The researchers weighed these factors against each other to calculate the distribution of stars most likely to host thinking, living creatures. "It's a tradeoff between the numbers of stars out there and the probability of habitable planet formation increasing with mass." Whitmire said. "We show it's no accident we find ourselves around a star like the sun." The distinction between habitable planets and planets harboring intelligent life is based on the fact that intelligent life requires stars with lifetimes greater than the time required for intelligence to evolve. For example, in the case of this solar system, we could not find ourselves around a star with a lifetime less than 4.5 billion years.

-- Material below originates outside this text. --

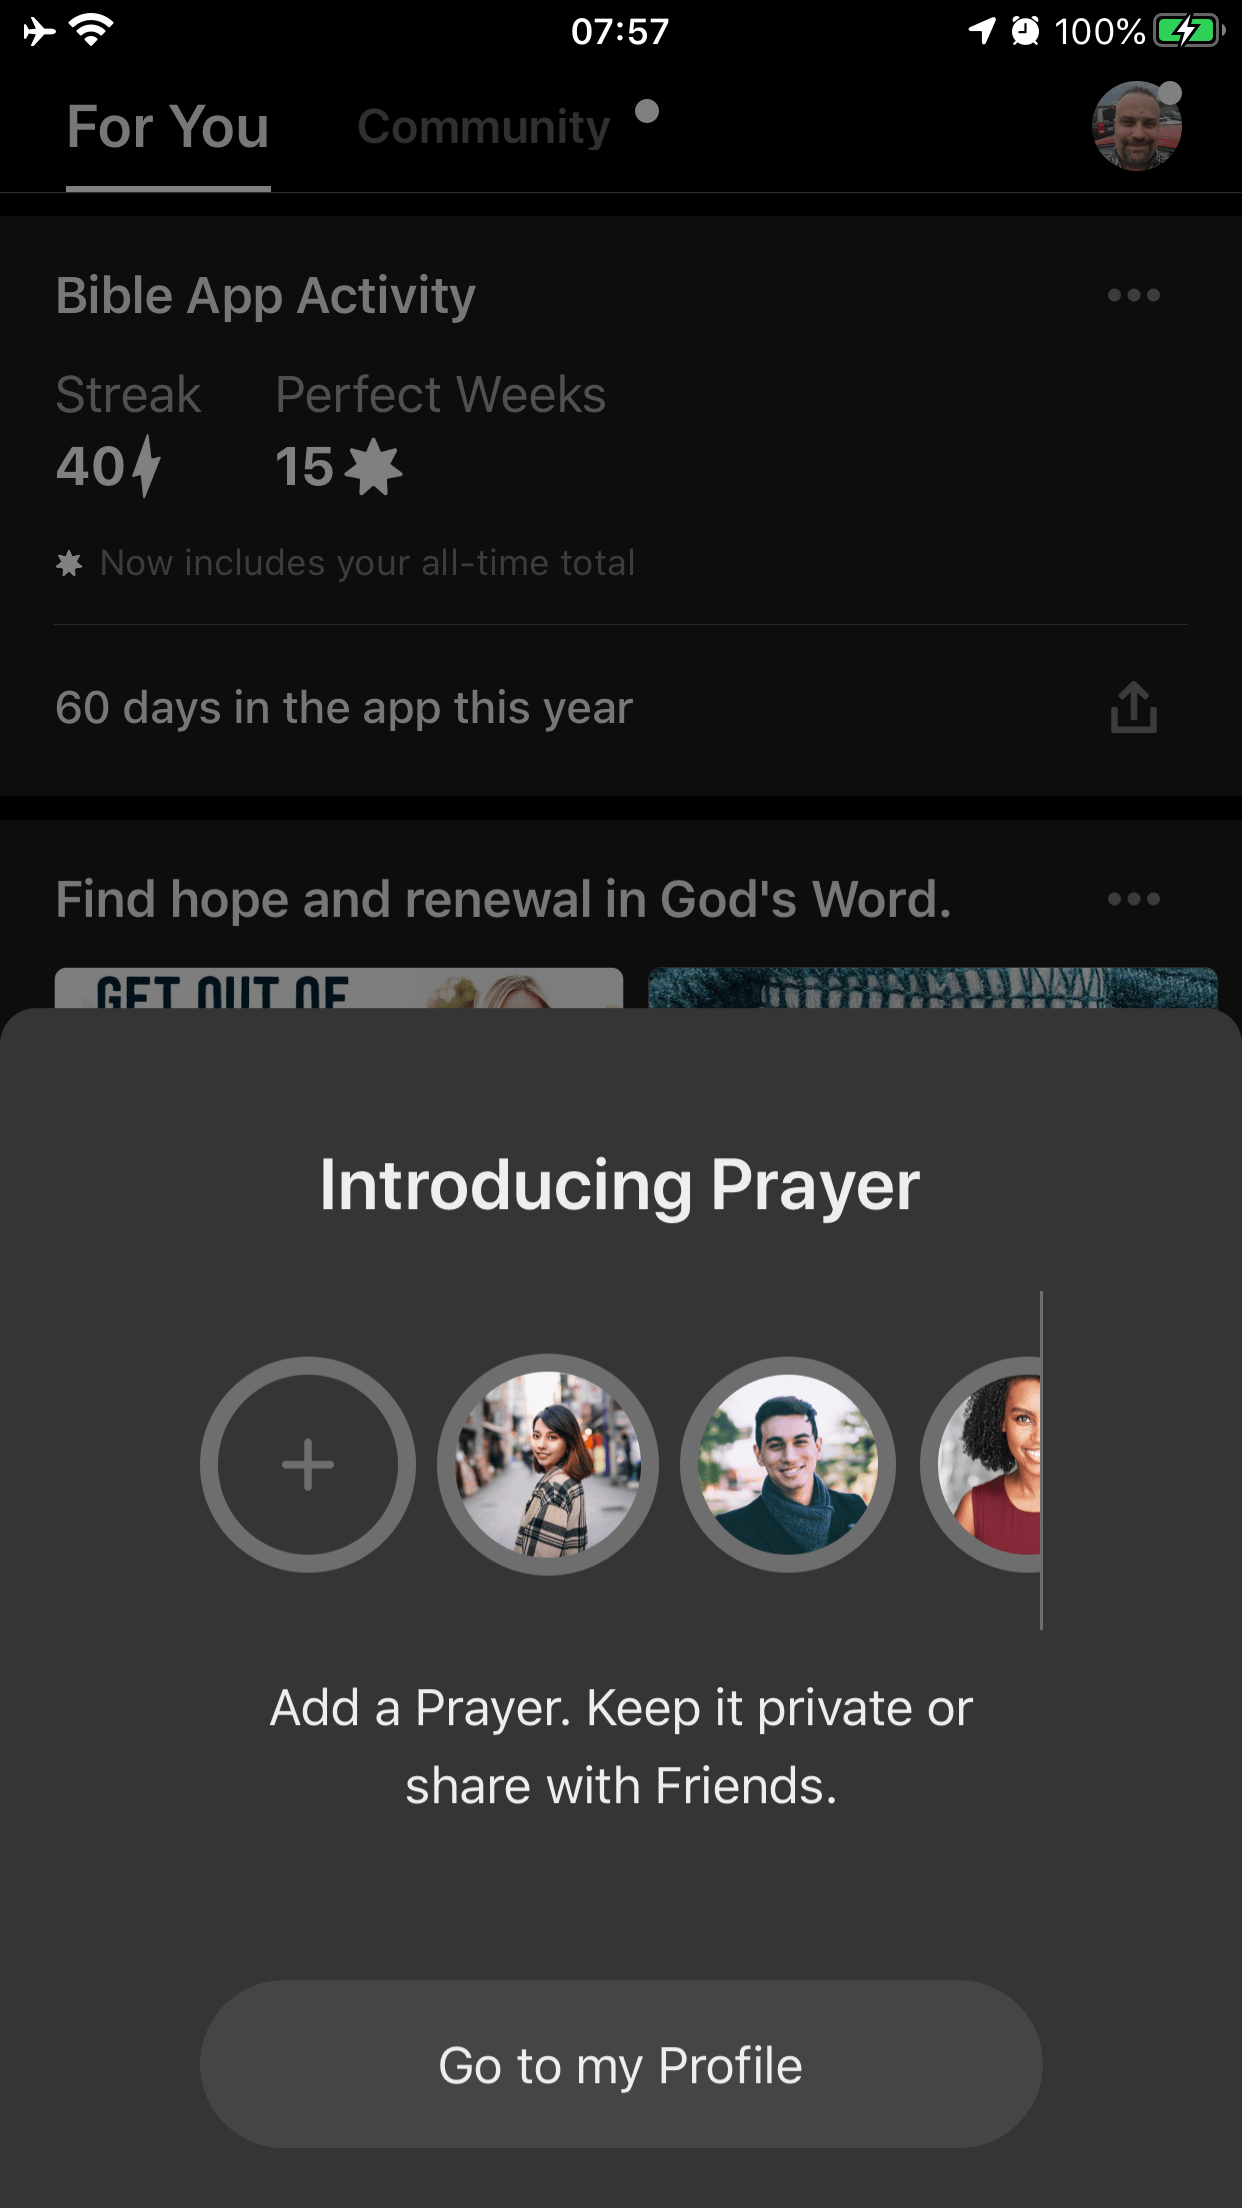 YouVersion Adds Prayer Feature To Their Bible App - YouVersion Community creates 1 million prayers during first week of new Bible App Prayer feature. #YouVersion #Prayer

Stars like our sun may be the most likely to harbor intelligent life in the galaxy.
Credit: NASA/SOHO
Indeed, sun-like stars seem to have the right balance: They are of high enough mass that they are more likely to host habitable planets, but they are of low enough mass that they live long enough for intelligent life to develop, and are not extremely scarce. Whitmire estimates that 10 percent of the Milky Way's stars might fall into the category they've outlined. This would still leave over 10 billion candidate stars in the Milky Way alone.

The results mitigate the most commonly used argument that intelligent life must be extremely rare, Whitmire said. This idea, based on the anthropic principle, was outlined by astrophysicist Brandon Carter. There is an approximate coincidence between the time it took intelligence to evolve on Earth and the lifetime of the sun. Assuming these two timescales are independent, this coincidence makes sense if intelligent life is extremely improbable, Carter argued. In most cases, he claimed, the time it takes for intelligent life to emerge is much longer than the portion of a star's existence that is conducive to such life.

"In the paper we explain one number in the coincidence – why the lifetime of the sun is what it is," Whitmire said. "The additional assumption necessary to counter the Carter argument is that intelligent life requires at least a few billion years to evolve, as expected if we are typical."